===== AVAILABLE DATA =====

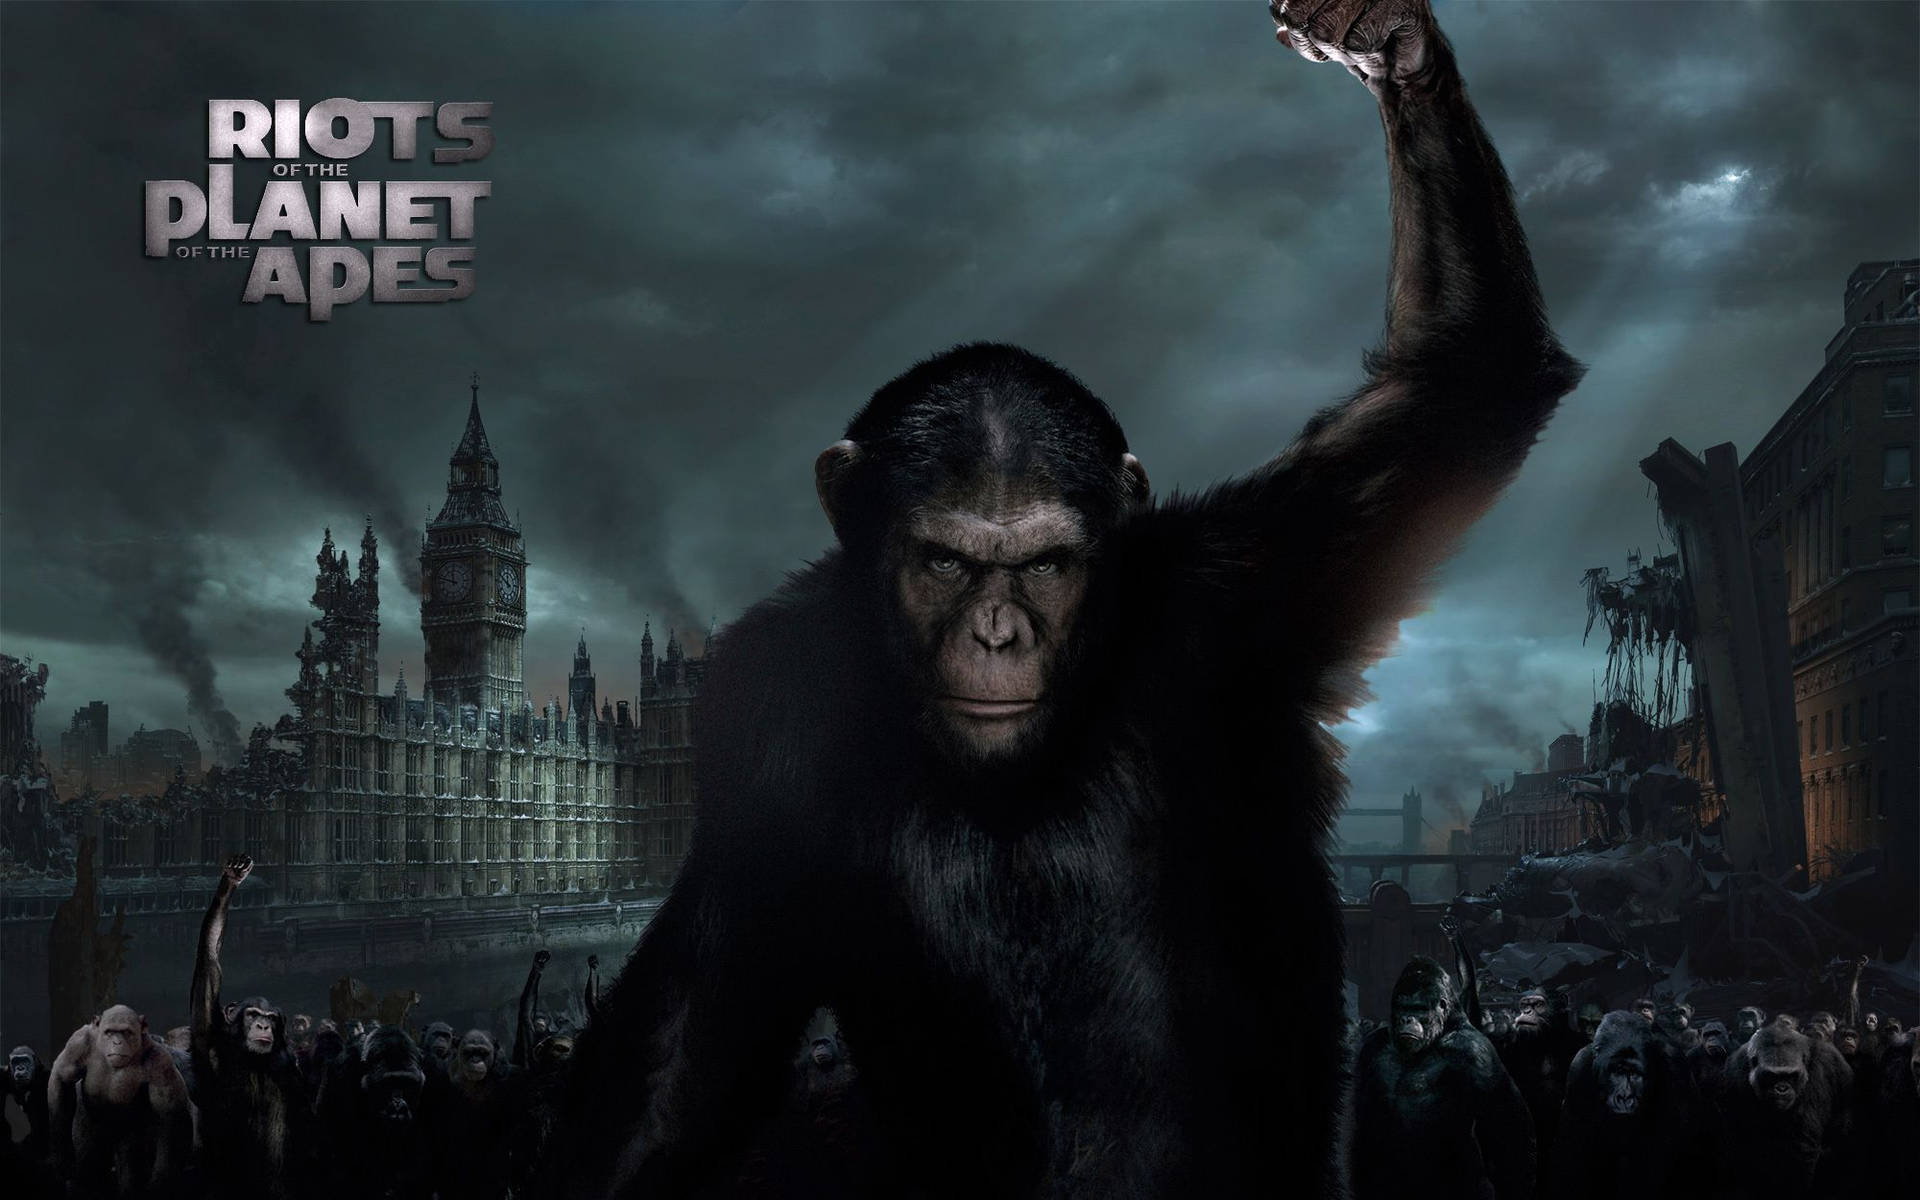 Free Planet Of The Apes Wallpaper Downloads, [100+] Planet Of The Apes  Wallpapers for FREE 
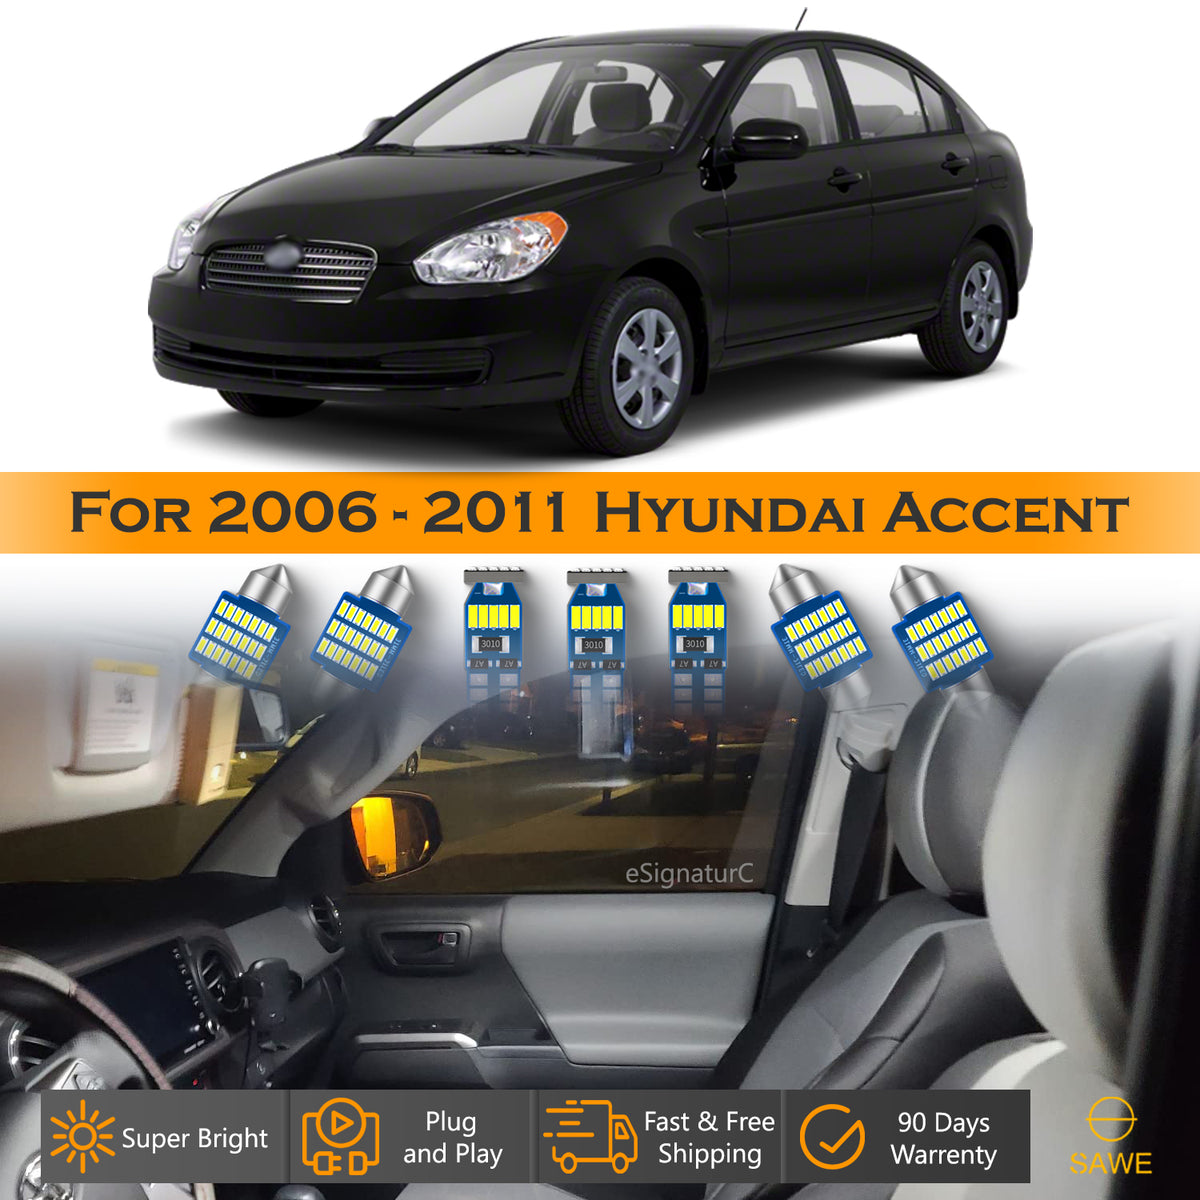 For Hyundai Accent Interior LED Lights - Dome & Map Light Bulbs Package Kit for 2006 - 2011 - White
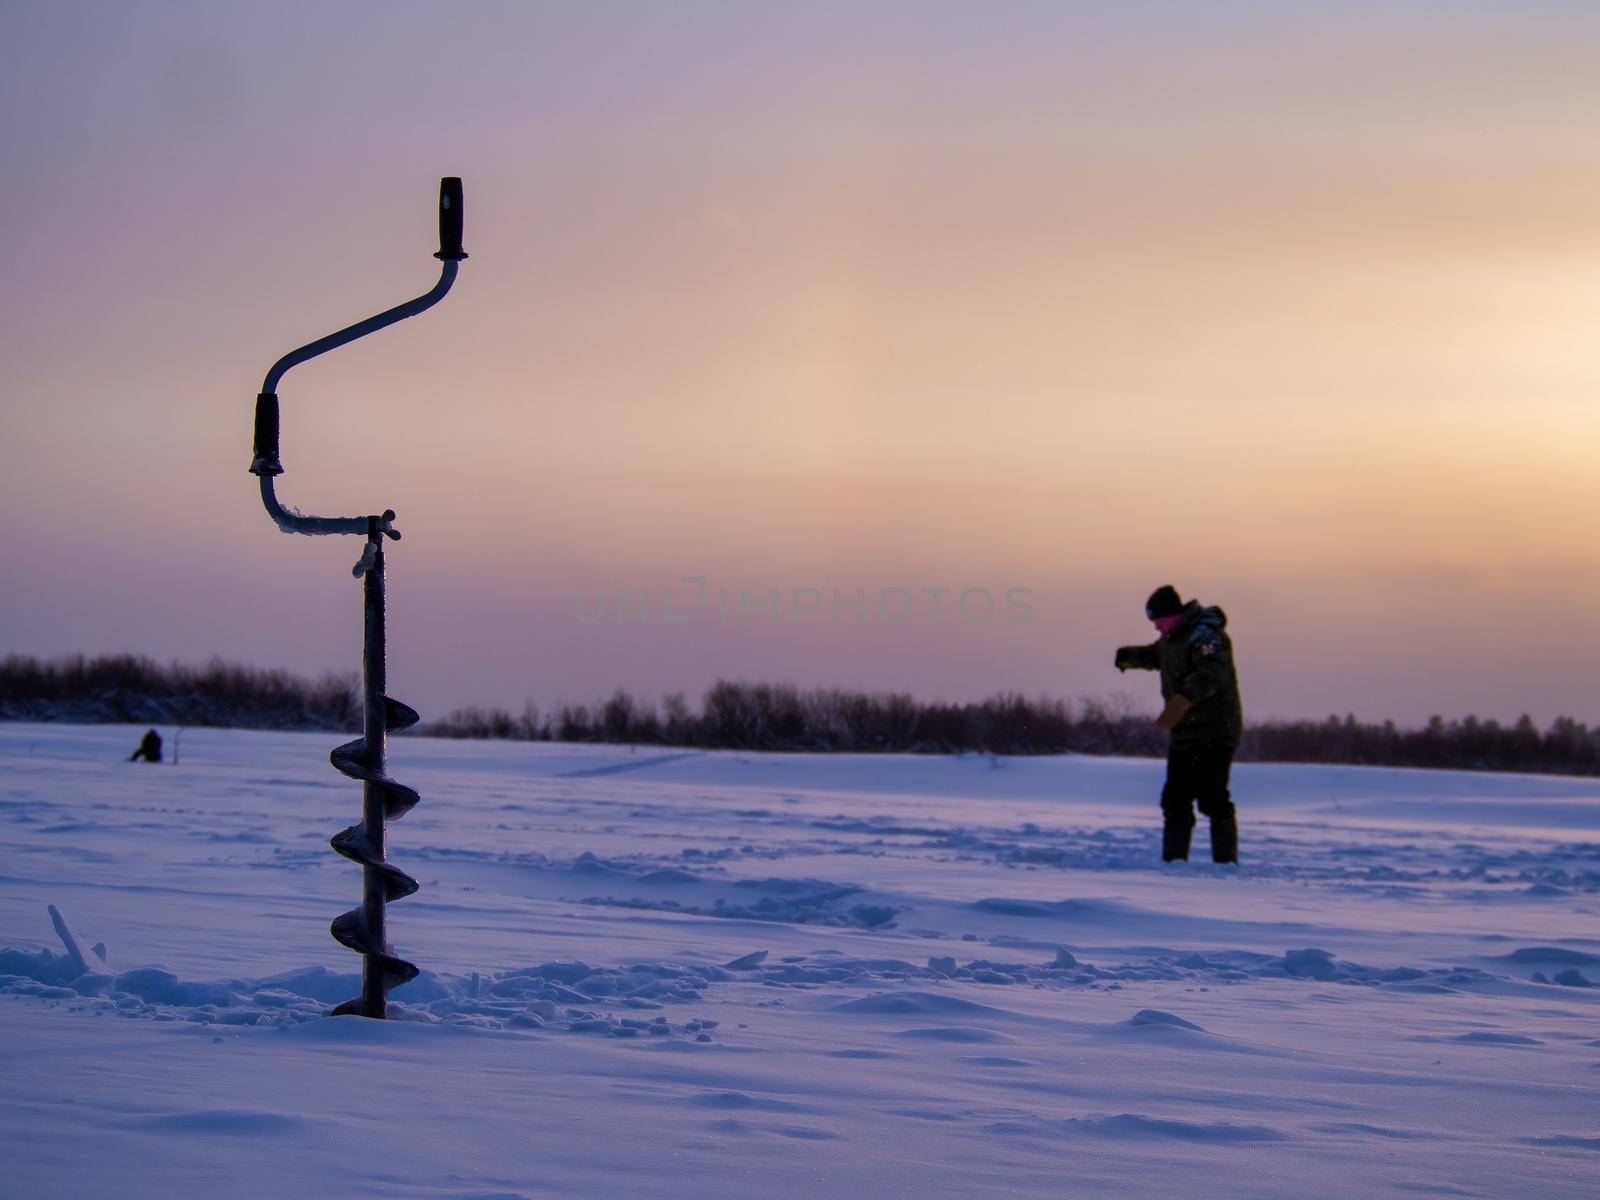 Ice drill on a frozen lake with a fisherman in the background
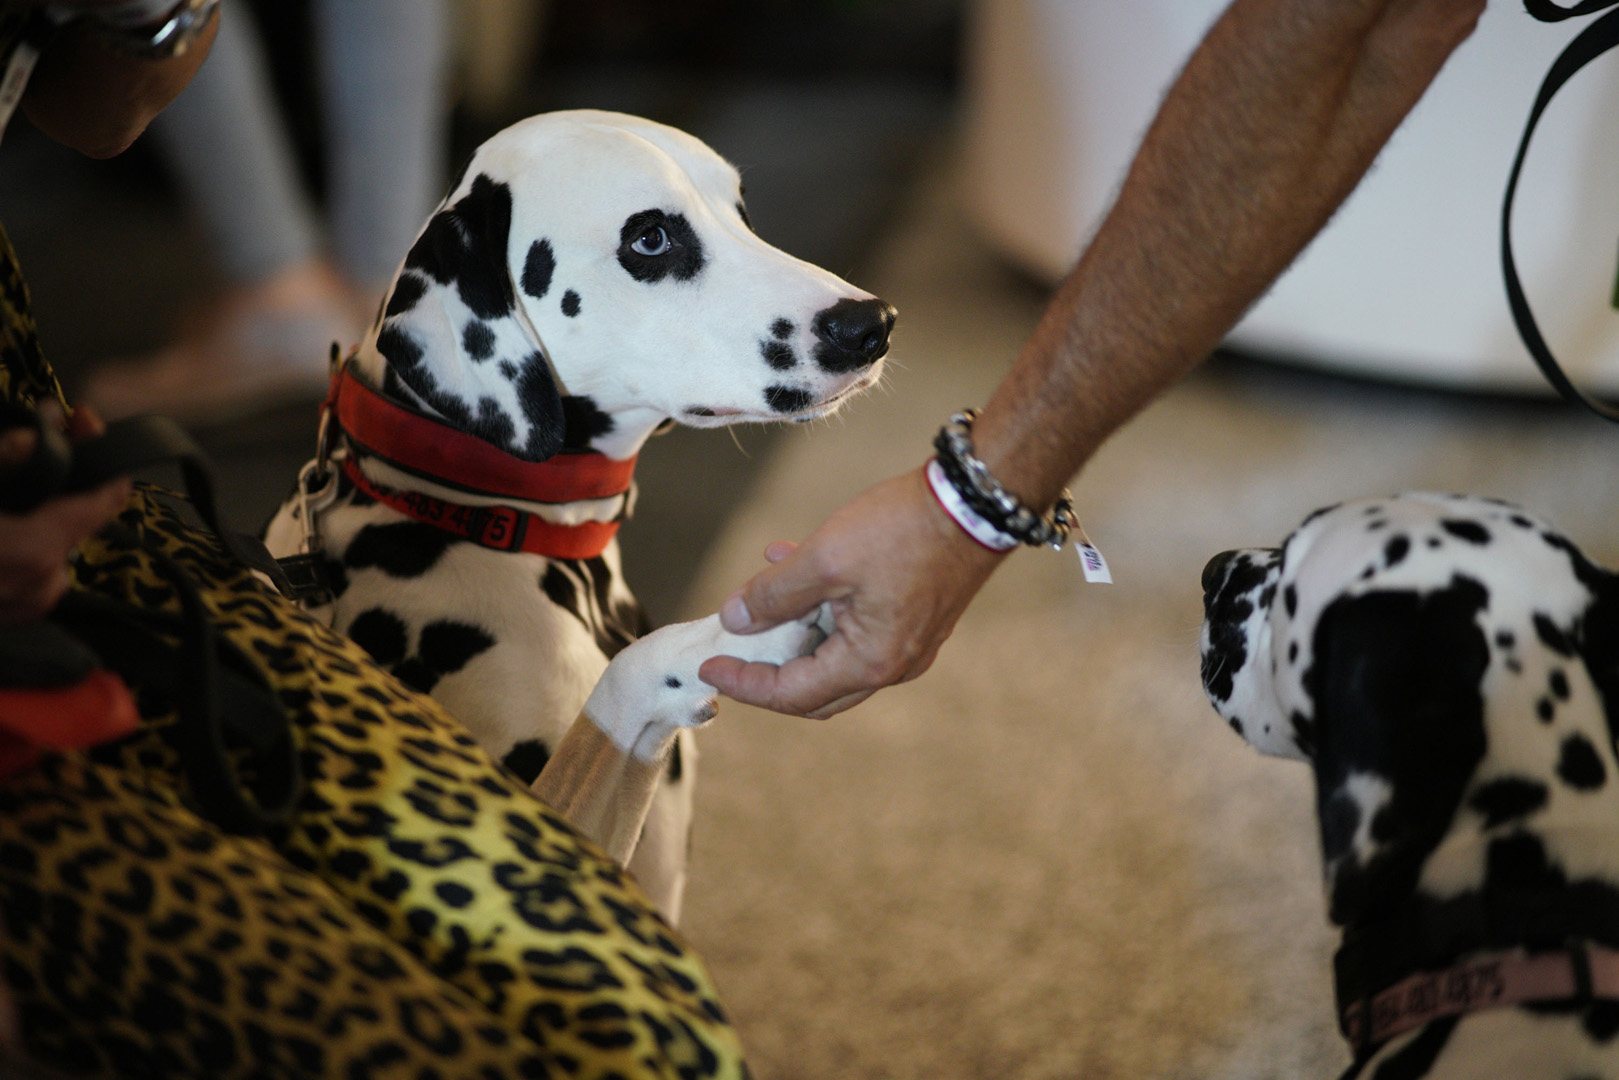 Dalmation enjoying his time at our Puppy Love event

=====

EXERCISE REQUIREMENTS
Ignoring the pictures, write out word for word the lines from the line containing "For Hyundai Accent" through the end of the material above.

RESULT OF THIS EXERCISE
 For Hyundai Accent Interior LED Lights - Dome & Map Light Bulbs Package Kit for 2006 - 2011 - White
 Ice drill on a frozen lake with a fisherman in the background
 Dalmation enjoying his time at our Puppy Love event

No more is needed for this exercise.